We believe our management team has the experience necessary to effectively execute our strategy and advance our product and technology leadership. A large majority of our employees have obtained advanced degrees in their professions. We support our employees’ further development with individualized development plans, mentoring, coaching, group training and conference attendance.

Corporate Information

We were incorporated in Delaware in May 2016. Our corporate offices are located at 500 W. 5th Street, Suite 1200, Austin, Texas 78701 and 21 Alexandria Way, Suite 200, Durham, North Carolina 27713 and our telephone number is (512) 900-4690. Our website address is www.shattucklabs.com. Information contained on or accessible through our website is not a part of this Annual Report on Form 10-K, and the inclusion of our website address in this Annual Report on Form 10-K is for convenience only and the information on the referenced website does not constitute a part of nor is incorporated by reference into this report.
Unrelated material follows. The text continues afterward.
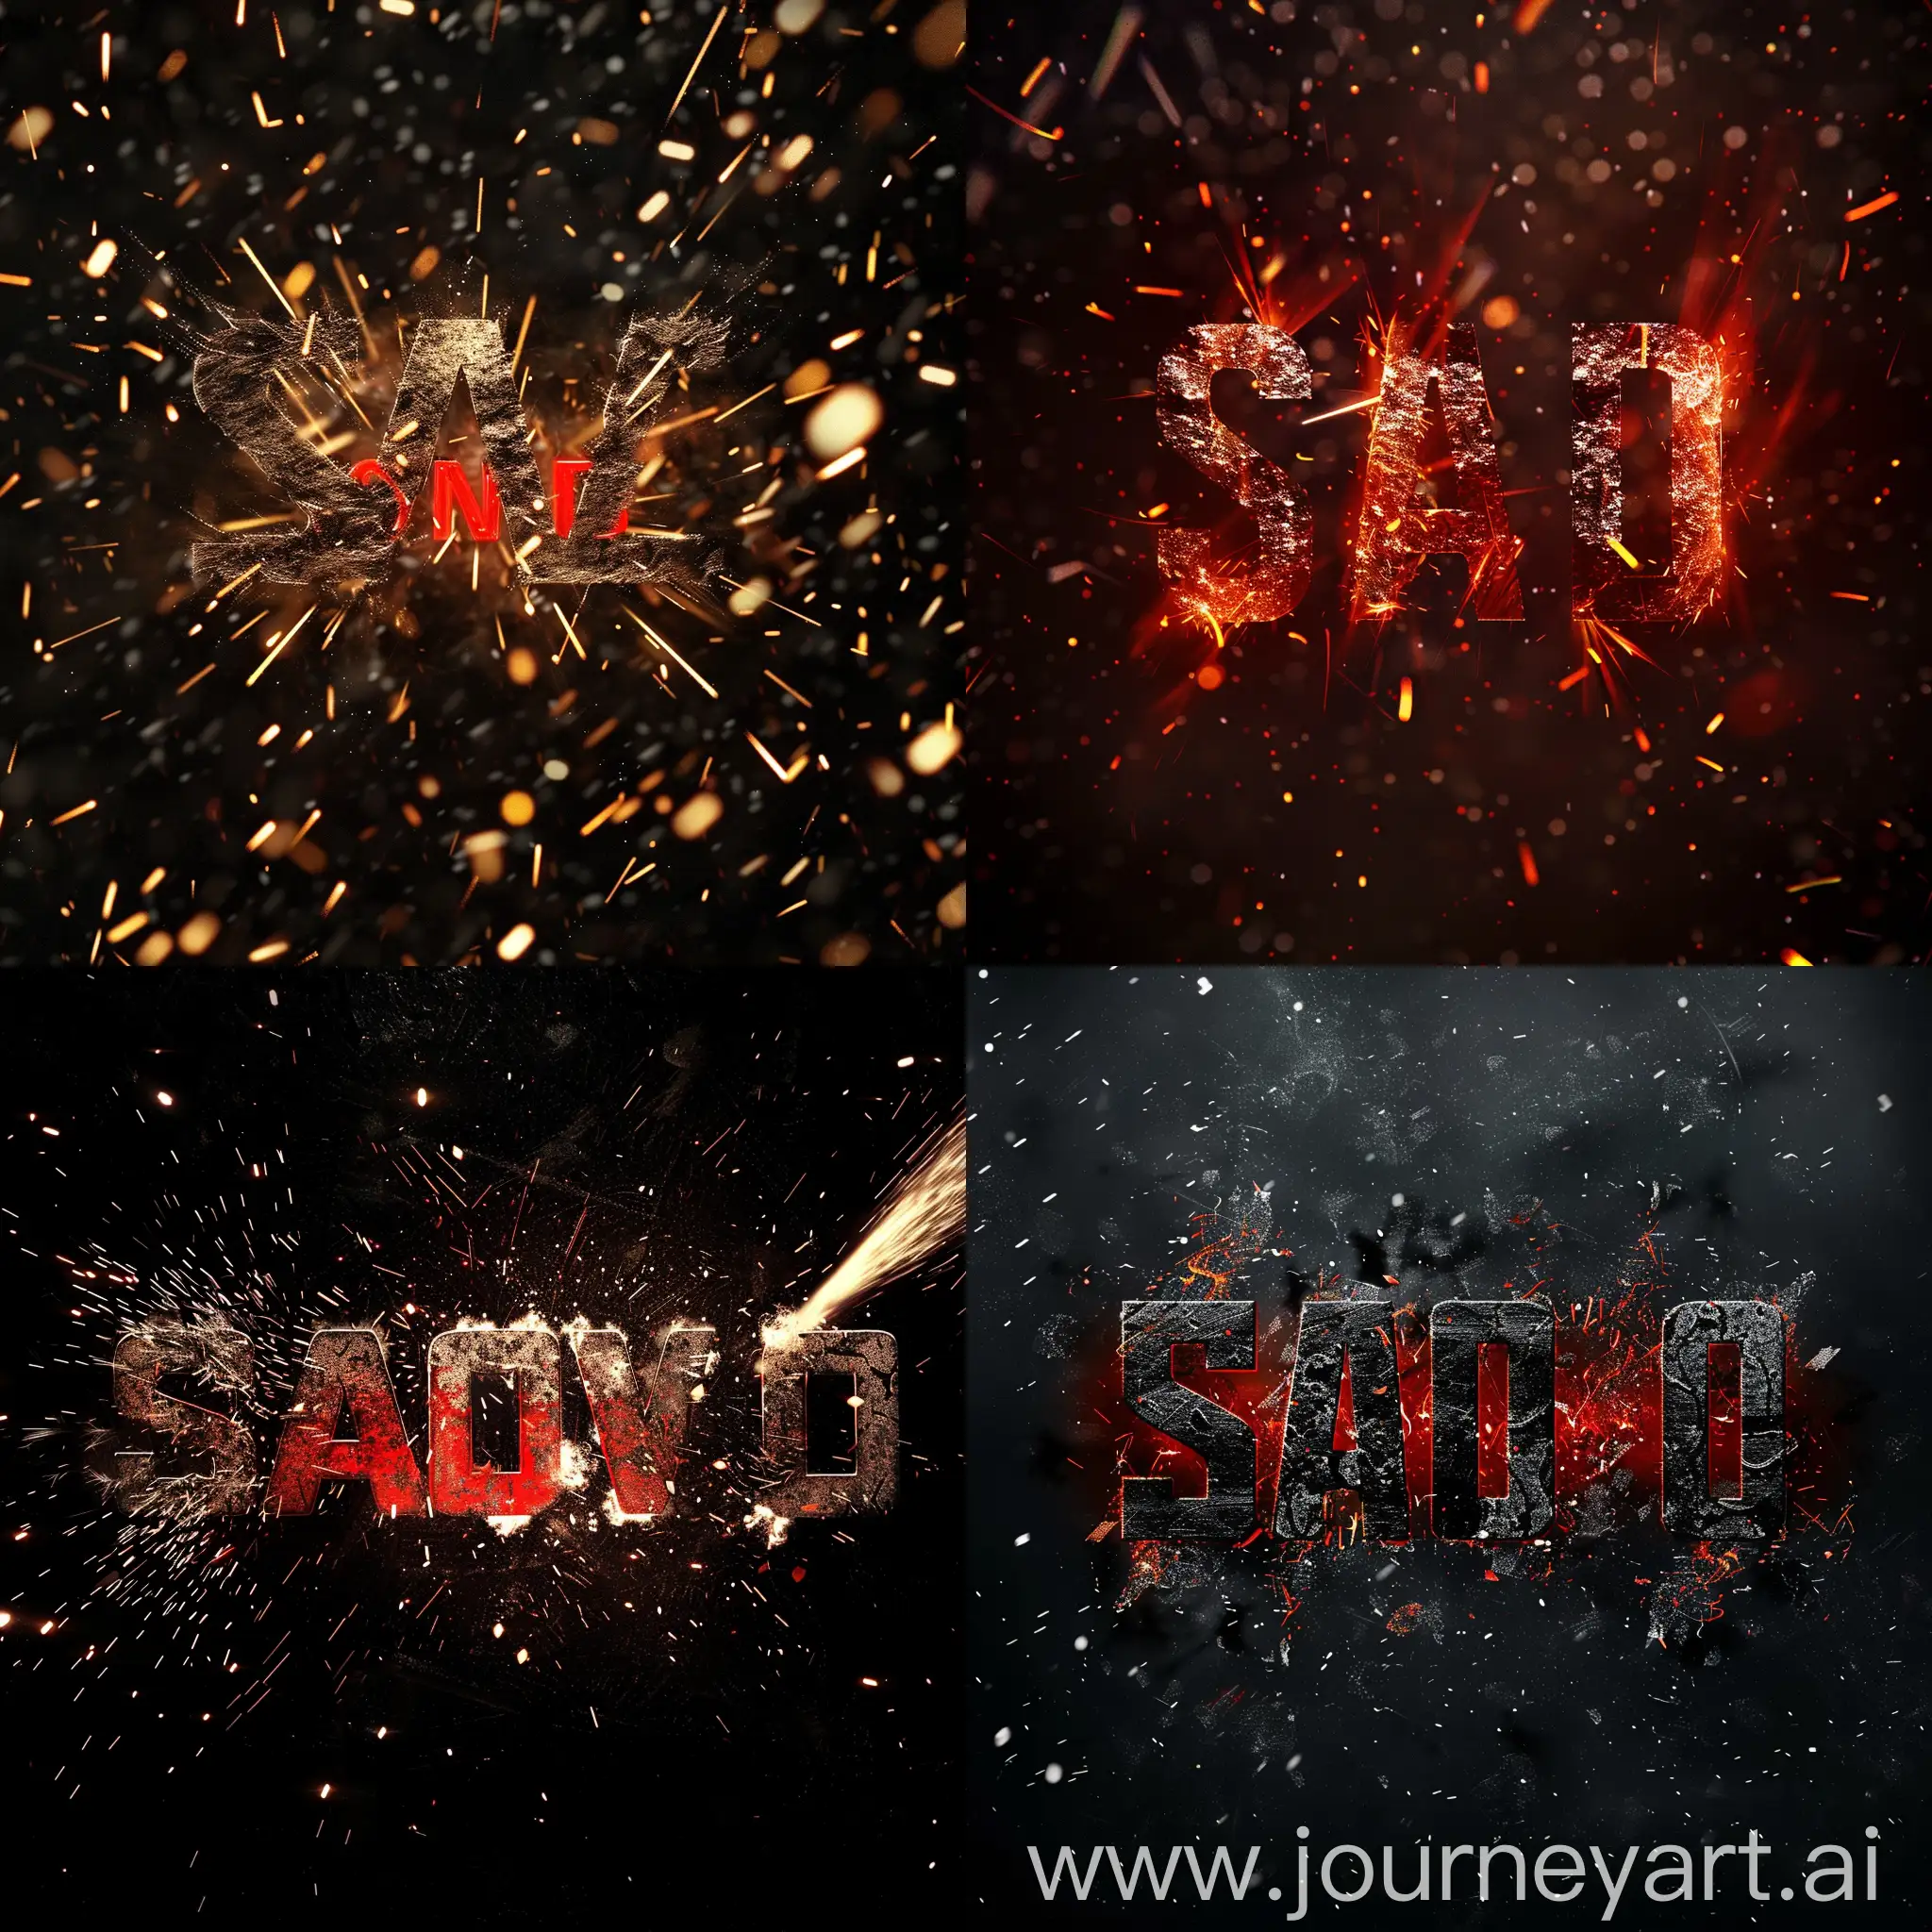 Futuristic-Squad-Typography-Artwork-with-Red-W-Accent-on-Black-Metallic-Background

Our reports filed or furnished pursuant to Section 13(a) or 15(d) of the Securities Exchange Act of 1934, as amended (the “Exchange Act”), including our annual reports on Form 10-K, our quarterly reports on Form 10-Q and our current reports on Form 8-K, and amendments to those reports, are accessible through our website, free of charge, as soon as reasonably practicable after these reports are filed electronically with, or otherwise furnished to, the Securities and Exchange Commission (the “SEC”). These SEC reports can be accessed through the “Investors” section of our website.